Who does what? Practical role division
The division depends on your team size and who's present when:
Owner/manager (present daily)
- Check revenue and covers (compare with last week)
- Weekly food cost check of top dishes
- Keep track of inventory value (what's left?)
Sous chef/chef (full-time)
- Record yesterday's waste
- Inventory check before service (enough ingredients?)
- Check quality of deliveries
Cooks (per shift)
- Measure fridge and freezer temperatures
- Record HACCP tasks like cleaning
- Keep track of waste during shift
💡 Example for small business:
Owner + 1 cook:
- Owner: all financial numbers (revenue, covers, food cost)
- Cook: all operational checks (temperatures, inventory, waste)
Agree: owner checks in the morning, cook before and after service.
Make it easy with a checklist
Nobody remembers everything from memory. Create a simple checklist that everyone can tick off. Hang it in a visible place in the kitchen.
- Who: name of responsible person
- What: exact check (not vague)
- When: specific time
- Where: where do you record the result
Digital vs. paper: what works better?
Both can work, but digital has advantages:
- Paper: Simple, everyone understands it, losing it is the biggest risk
- Digital: Automatically saves, easy to look back, works on your phone
A pattern we see repeatedly in restaurant financials shows that digital tracking reduces missed checks by 40% compared to paper systems. Tools like KitchenNmbrs have built-in checklists that you can customize to your situation. You can assign tasks to specific people and see who has done what.
⚠️ Note:
Start small. Don't try to do everything at once. Start with 2-3 checks and build up gradually. Too much at once means nobody will stick with it.
What if someone forgets?
People forget things. That's normal. Build that in:
- Make it part of the shift (not extra work)

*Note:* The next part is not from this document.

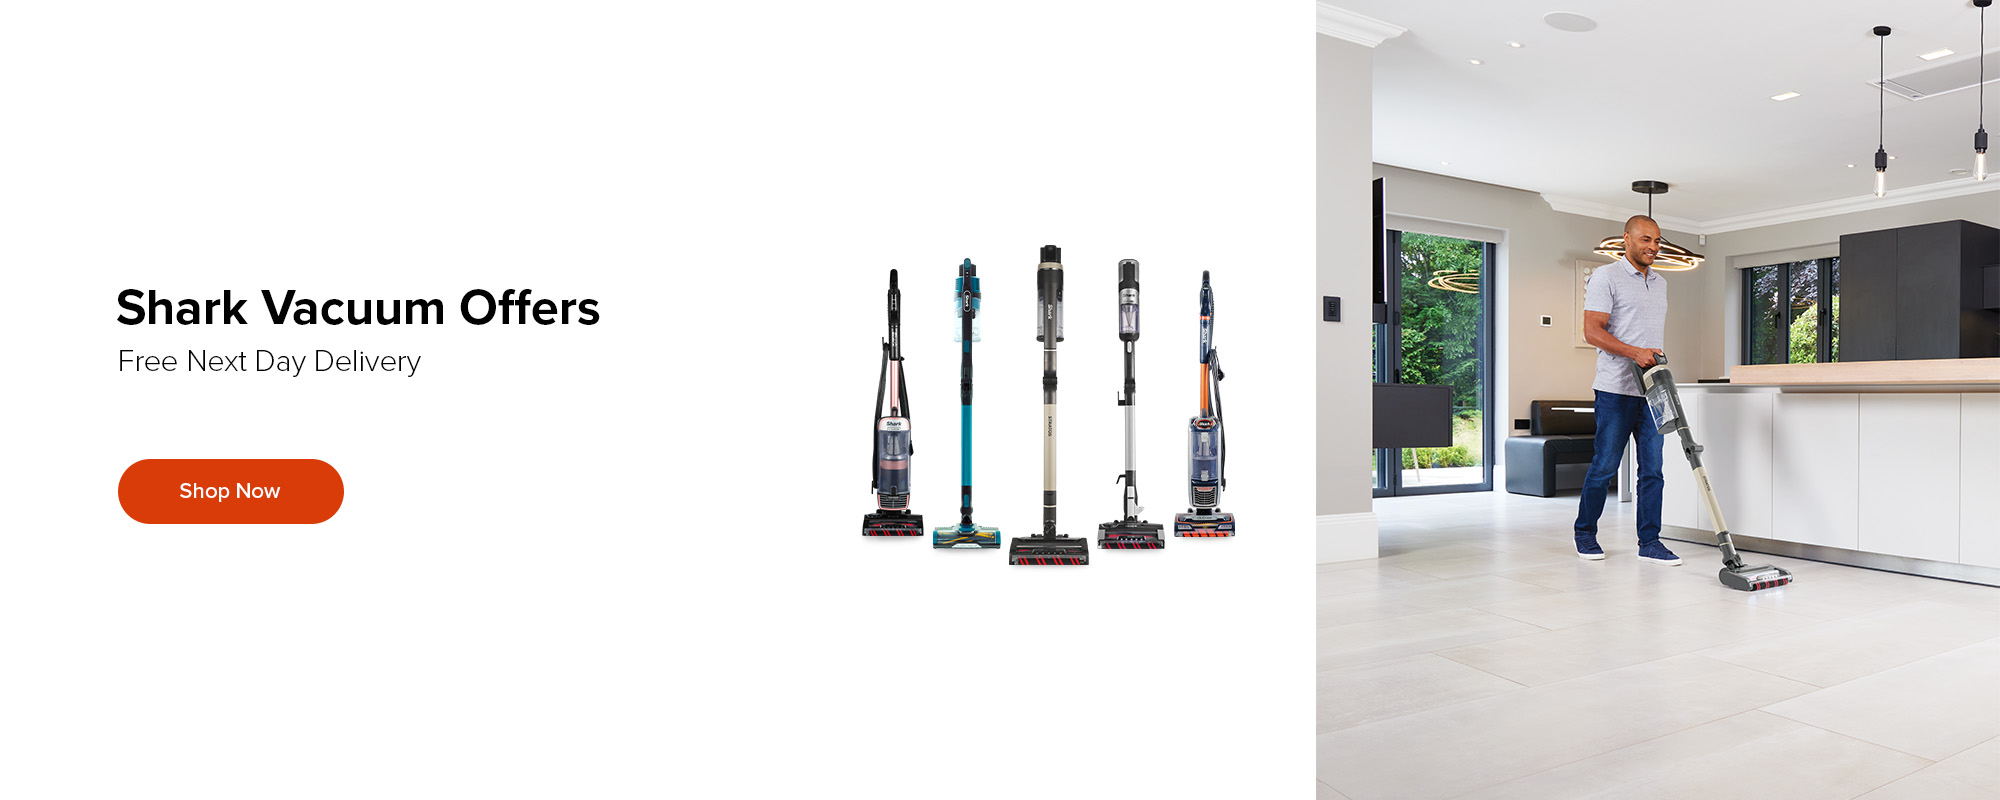 Save up to £110 with the latest offers on Shark Vacuum Cleaners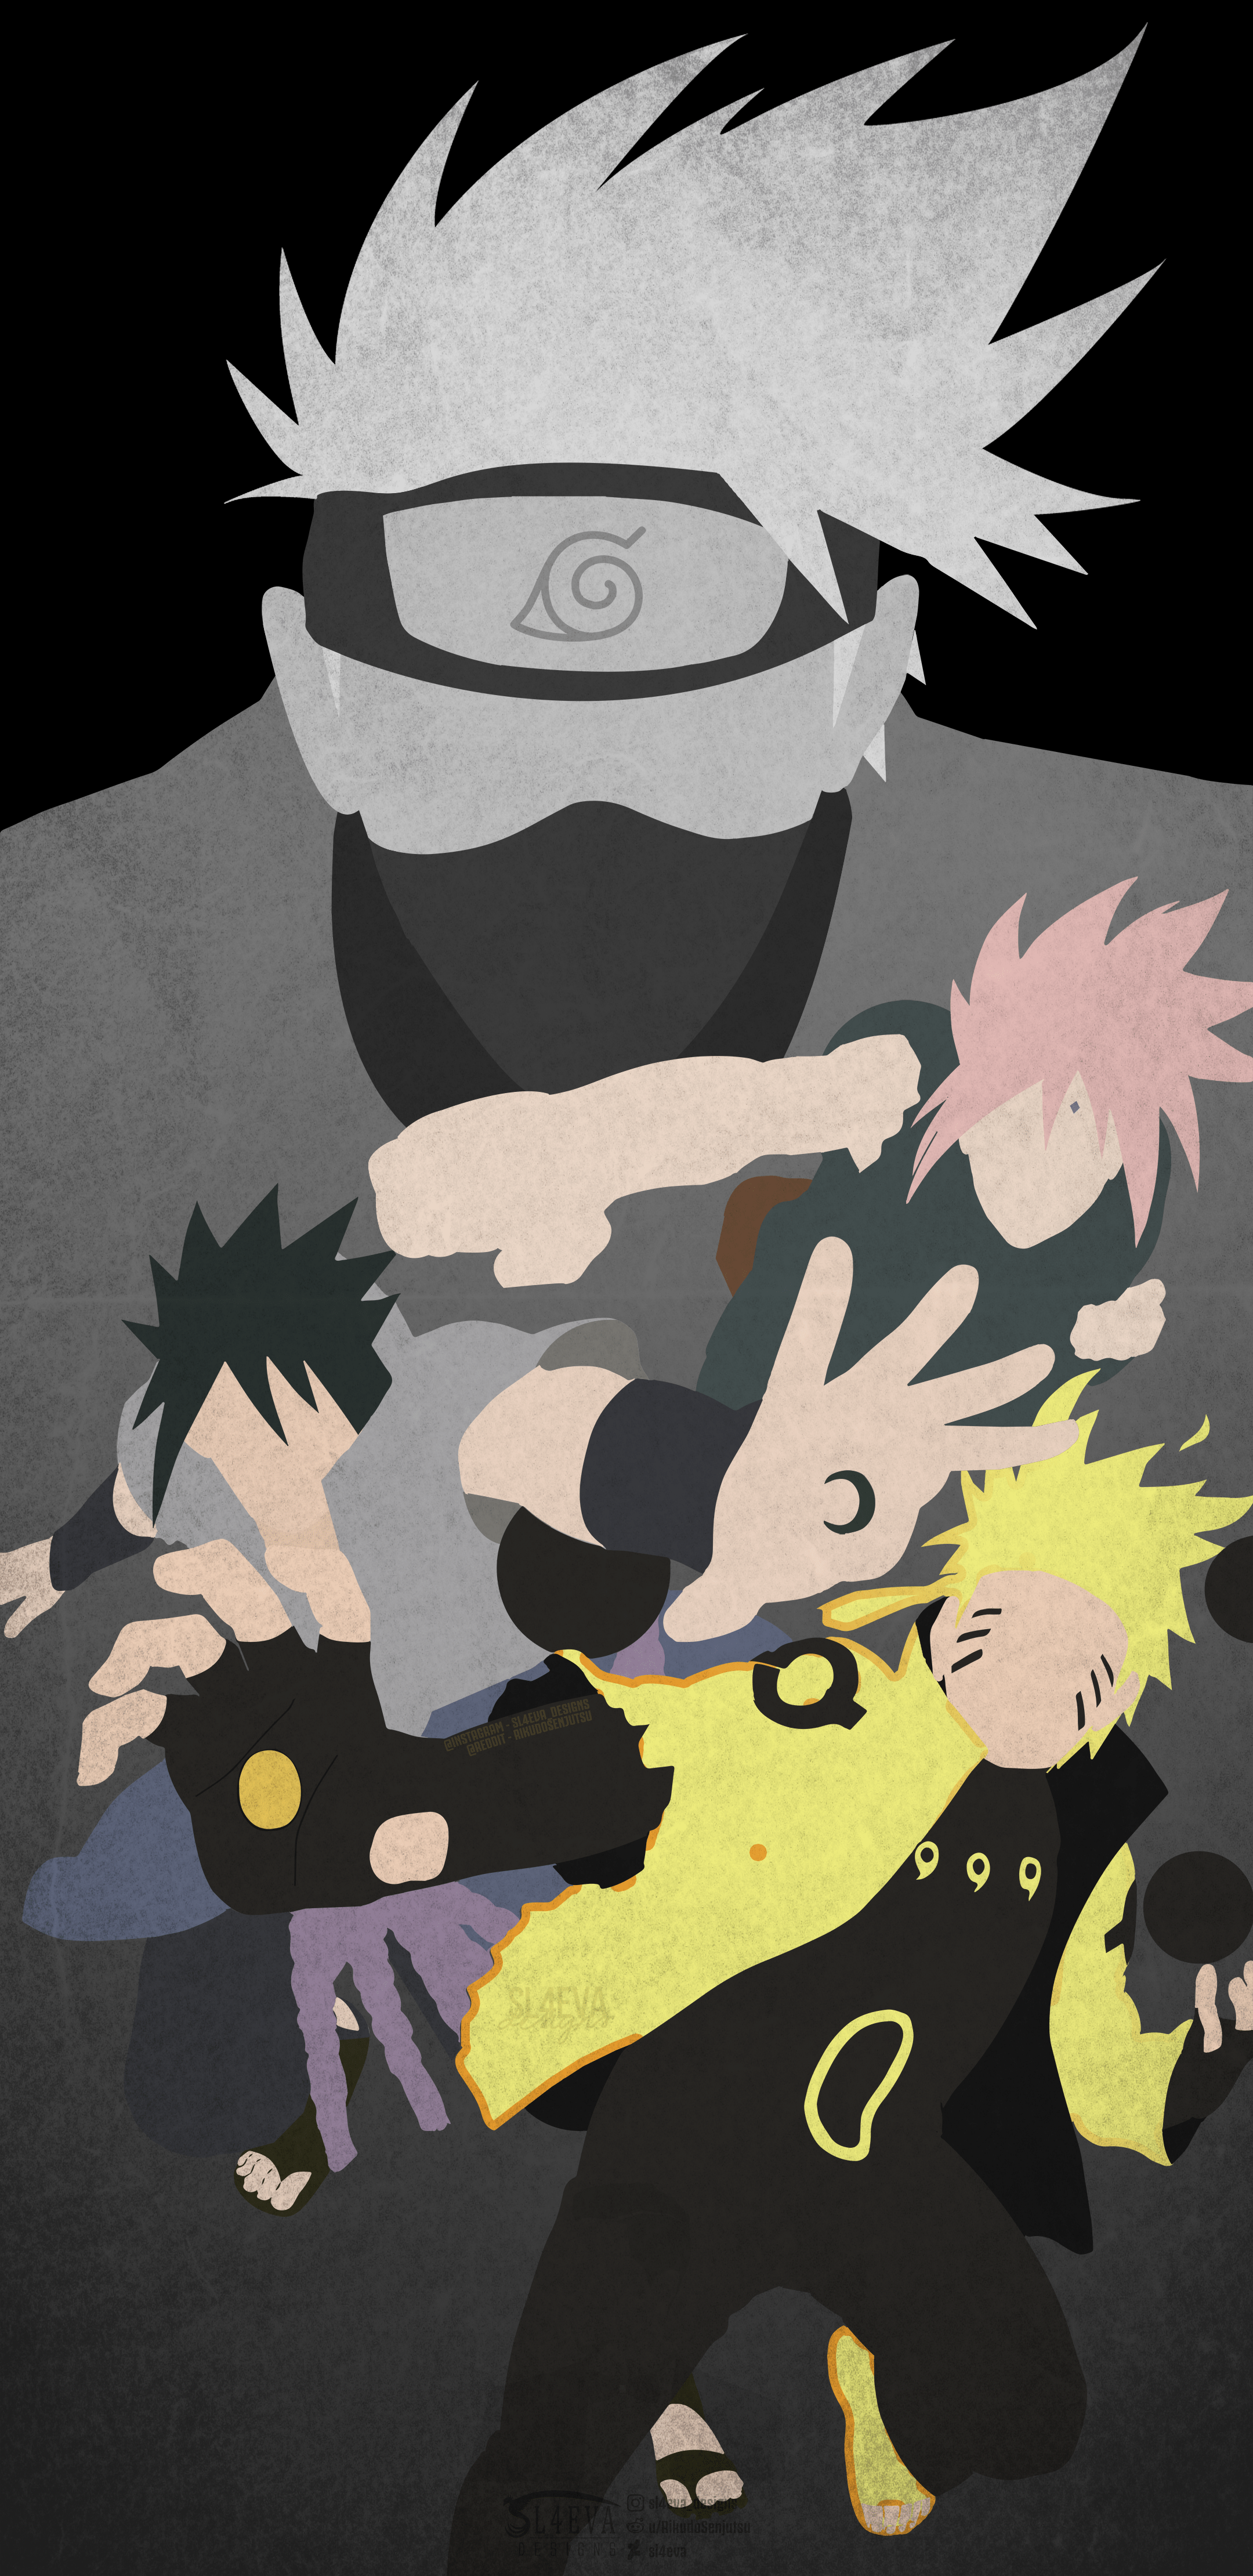 Team 7 Naruto iPhone Wallpapers - Top Free Team 7 Naruto iPhone Backgrounds  - WallpaperAccess

- Check weekly if everyone is still doing it
- Explain why it's important (not just 'boss says so')
- Give positive feedback when it does happen
It takes about 3 weeks for something to become routine. Stick with it and keep reminding people kindly.
How do you agree on this today? (step by step)
Determine your 3 most important checks
Choose from: revenue/covers, top dish inventory, waste, fridge temperatures. Don't start with more than 3, or it becomes too much.
Assign each check to a person
Who's there when? Owner usually during the day, cooks during service. Make it concrete: 'Jan checks temperatures at 17:00'.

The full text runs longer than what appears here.